Another important factor is the construction of the searches from which these ratios are derived. As described above, the searches that we require must be representative, rather than comprehensive. While we candidly admit that a perfectly comprehensive keyword search is out of reach, we can define a representative search as a search that has the same full text coverage ratio as the theoretical idealized search would have. The absolute number of items returned might widely differ from those of the “perfect” search, but the ratio would be the same.

To illustrate with an example, we can acknowledge that many items relevant to biology will be excluded from a keyword search for “biology,” just as some irrelevant items will be included.
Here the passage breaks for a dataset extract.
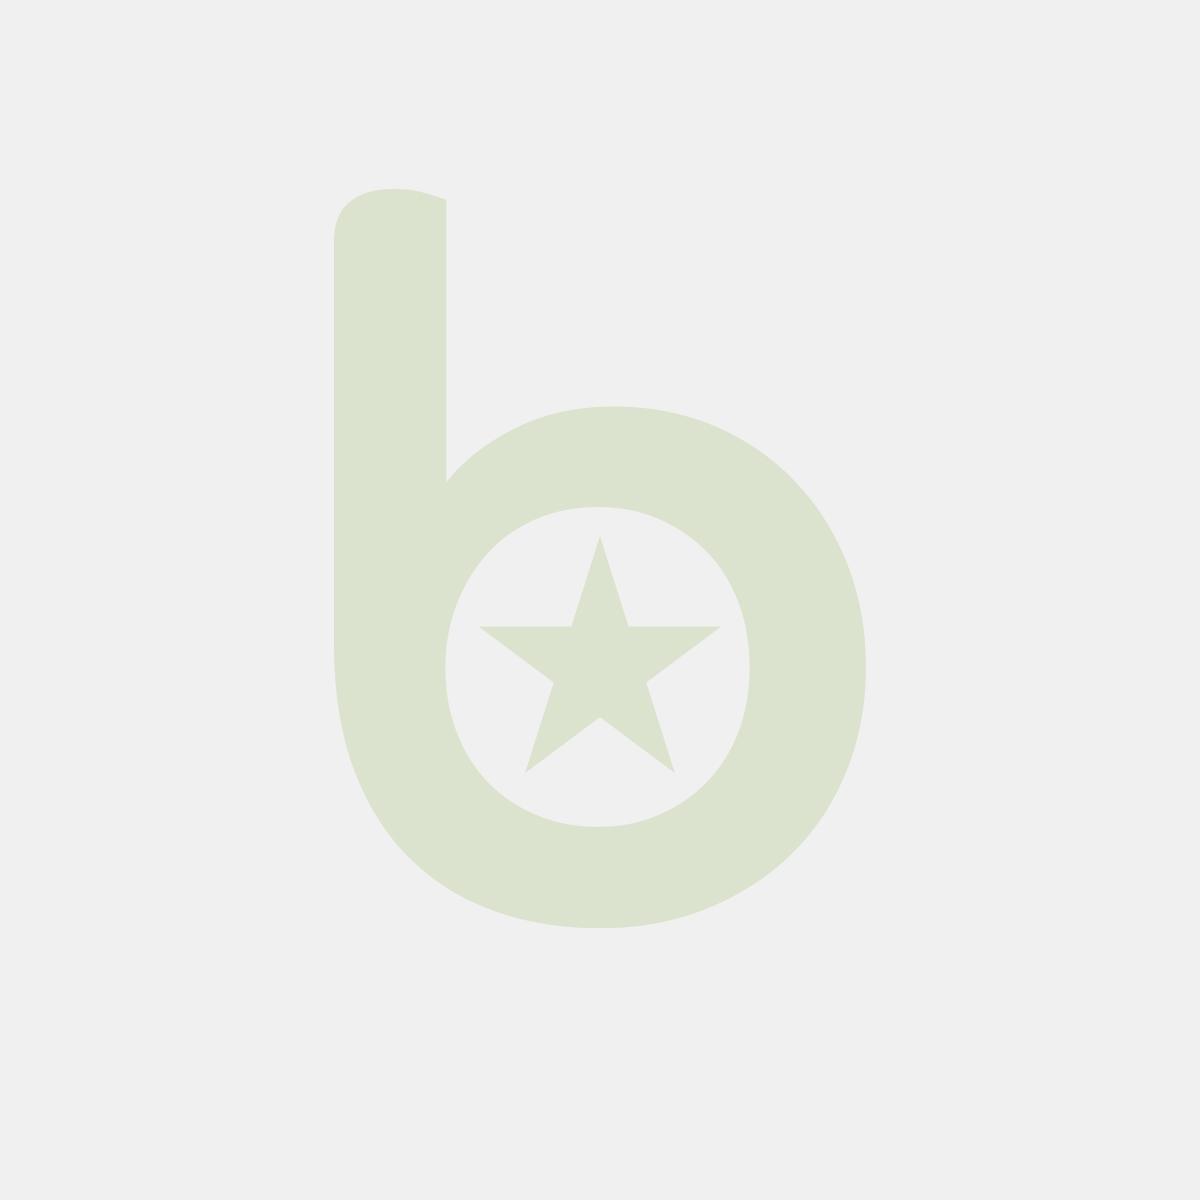 Łyżki DREWNIANE 15,7cm op. 250szt

Such a search may even return only a small fraction of the total number of relevant items. But we can hypothesize that such a search resembles the actual total set of relevant biology items well enough to provide insights into the relative strength of the library’s holdings in this discipline. One possible means of testing the representativeness of any given search would be to compare the ratio of one hypothetically representative search to the average ratio returned by a much larger number of narrower searches. For example, to test “biology” as the representative search for that discipline, we might calculate the average FTCR for a much larger number of individual searches, carefully defined to represent the full scope of the biological sciences. A close similarity between this more rigorously defined FTCR and the more basic “representative” one would help to confirm or invalidate the validity of the latter.

This is just one illustration of how the practical application of full text coverage ratios in libraries will benefit from research and further analysis to clarify how best to define and formulate representative searches in a way that balances rigor and expedience. It may be the case that until this further work has been done, full text coverage ratios should be seen as a provisional heuristic, a number that is better than nothing but should not be leaned on too heavily or to the exclusion of additional analysis.

Some discovery products include filters or tags that allow searches to be limited to particular disciplines or subject areas, and it is tempting to offer these tools as the solution to the complications described above. However, while it may be the case that calculating FTCRs in this way results in a more representative search than a basic keyword search, these filters also cannot perfectly represent a subject area, so the question of representativeness still applies. These tools also lack the flexibility of representative keyword searches, which allow any subject area, no matter how narrow or broad, to be investigated in this manner.

Applications in academic libraries

Even with these reservations, the flexibility of this concept offers many useful applications. Several immediately suggest themselves:

  1. Within an institution, comparing FTCRs across academic degree programs to get a sense of relative support for each program. This information might be used as one factor informing budget allocations.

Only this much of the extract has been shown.